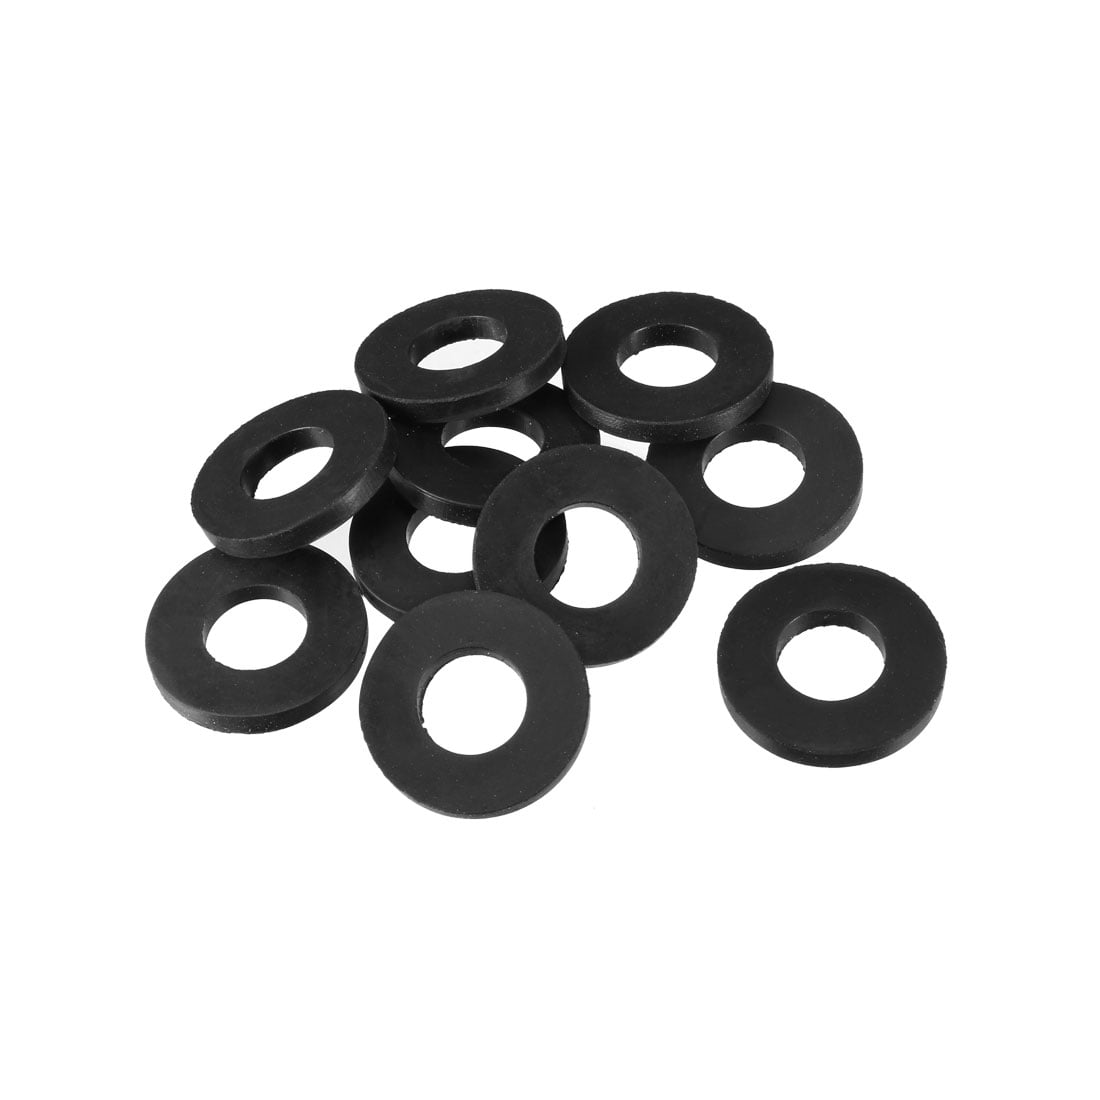 M4 M5 M6 O-Ring Hose Gasket Flat Rubber Washer Lot For Faucet Grommet 10 Pcs USA 
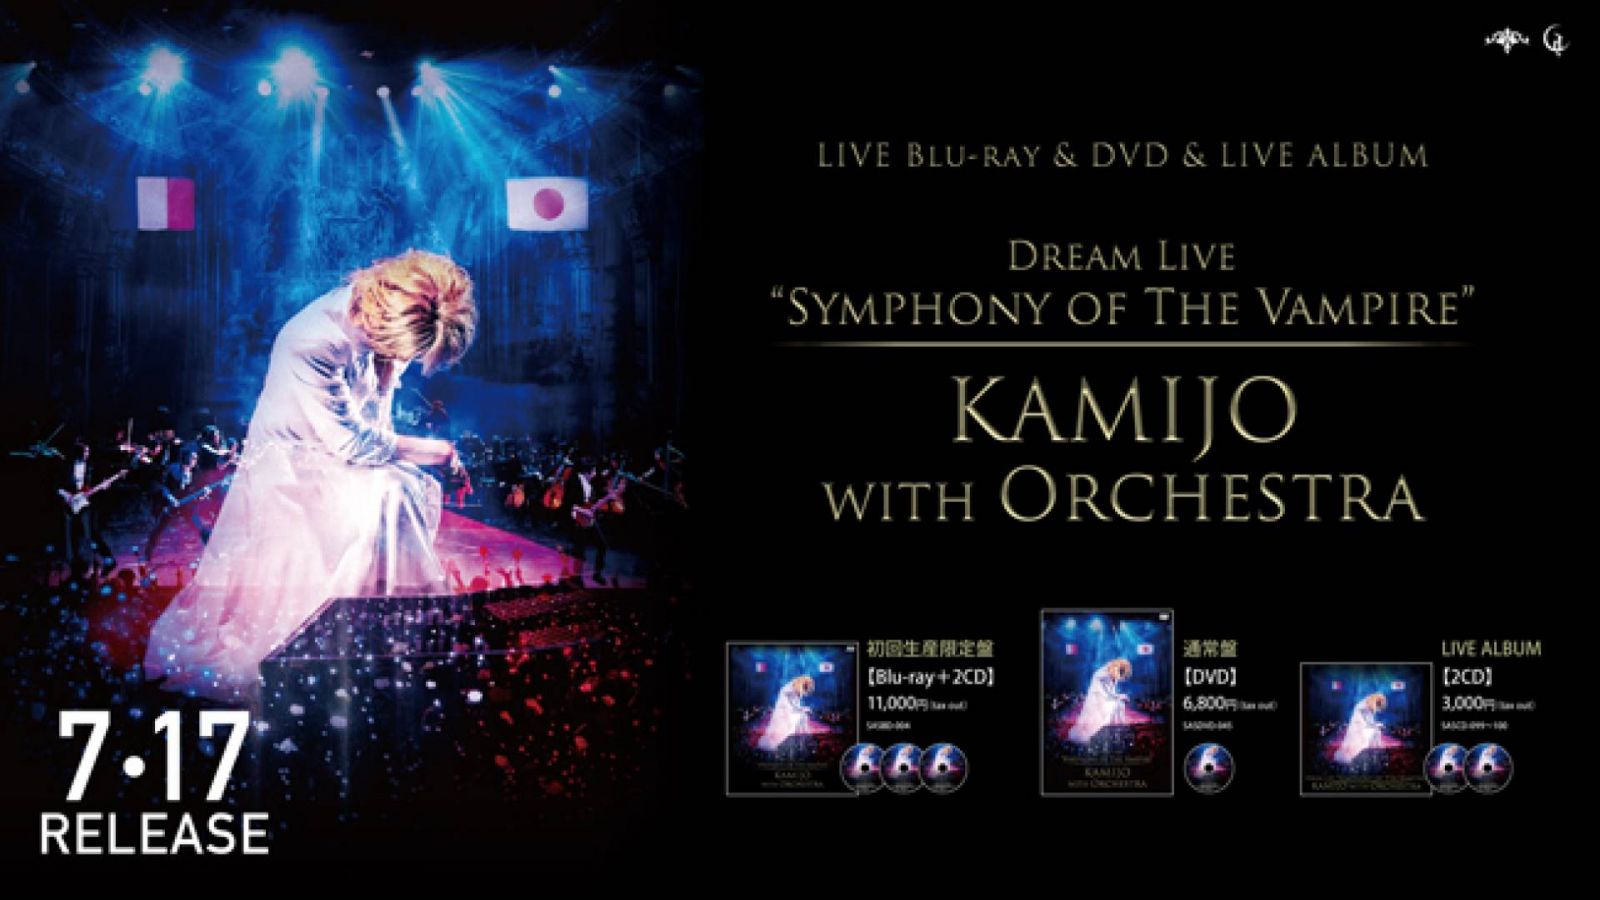 New Live Release from KAMIJO © CHATEAU AGENCY CO., Ltd. All rights reserved.
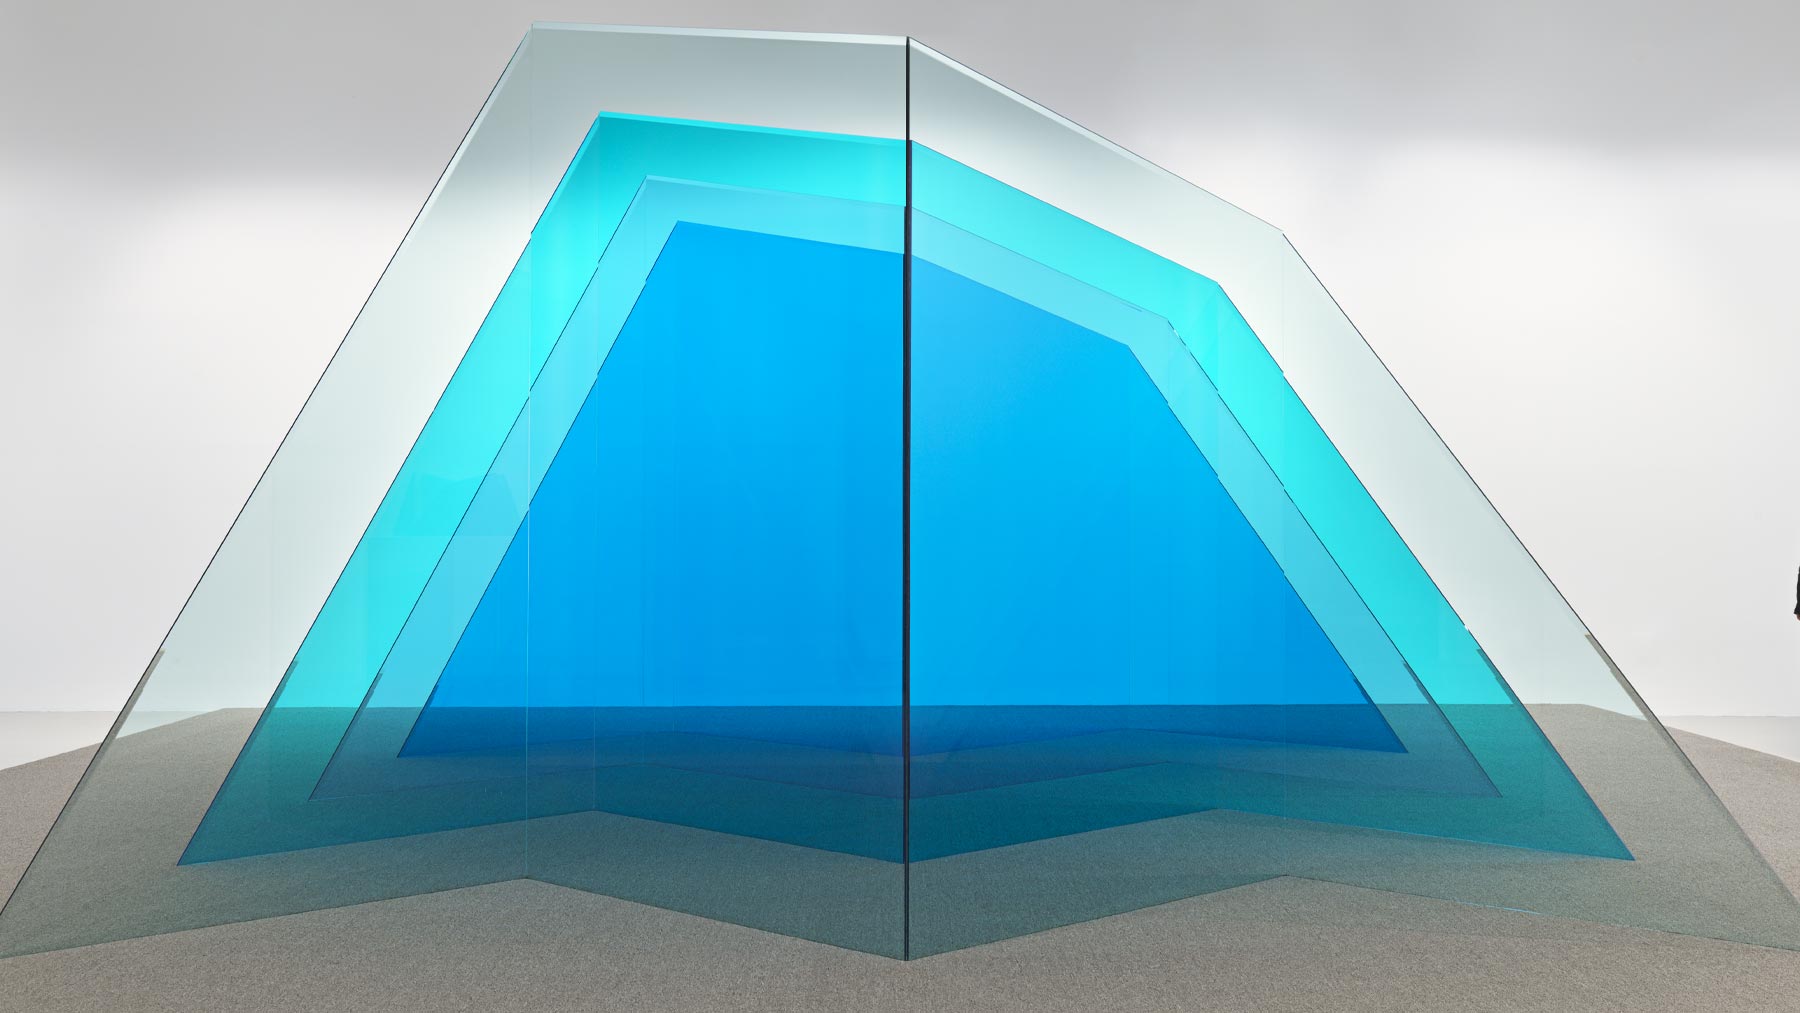 Installation image of Iceberg by Larry Bell

* * *

■ **ABOUT THIS EXERCISE**
Go through the material above and repeat it exactly. Omit the pictures.

■ **WRITTEN SOLUTION**
 M4 M5 M6 O-Ring Hose Gasket Flat Rubber Washer Lot For Faucet Grommet 10 Pcs USA 
 New Live Release from KAMIJO © CHATEAU AGENCY CO., Ltd. All rights reserved.
 Installation image of Iceberg by Larry Bell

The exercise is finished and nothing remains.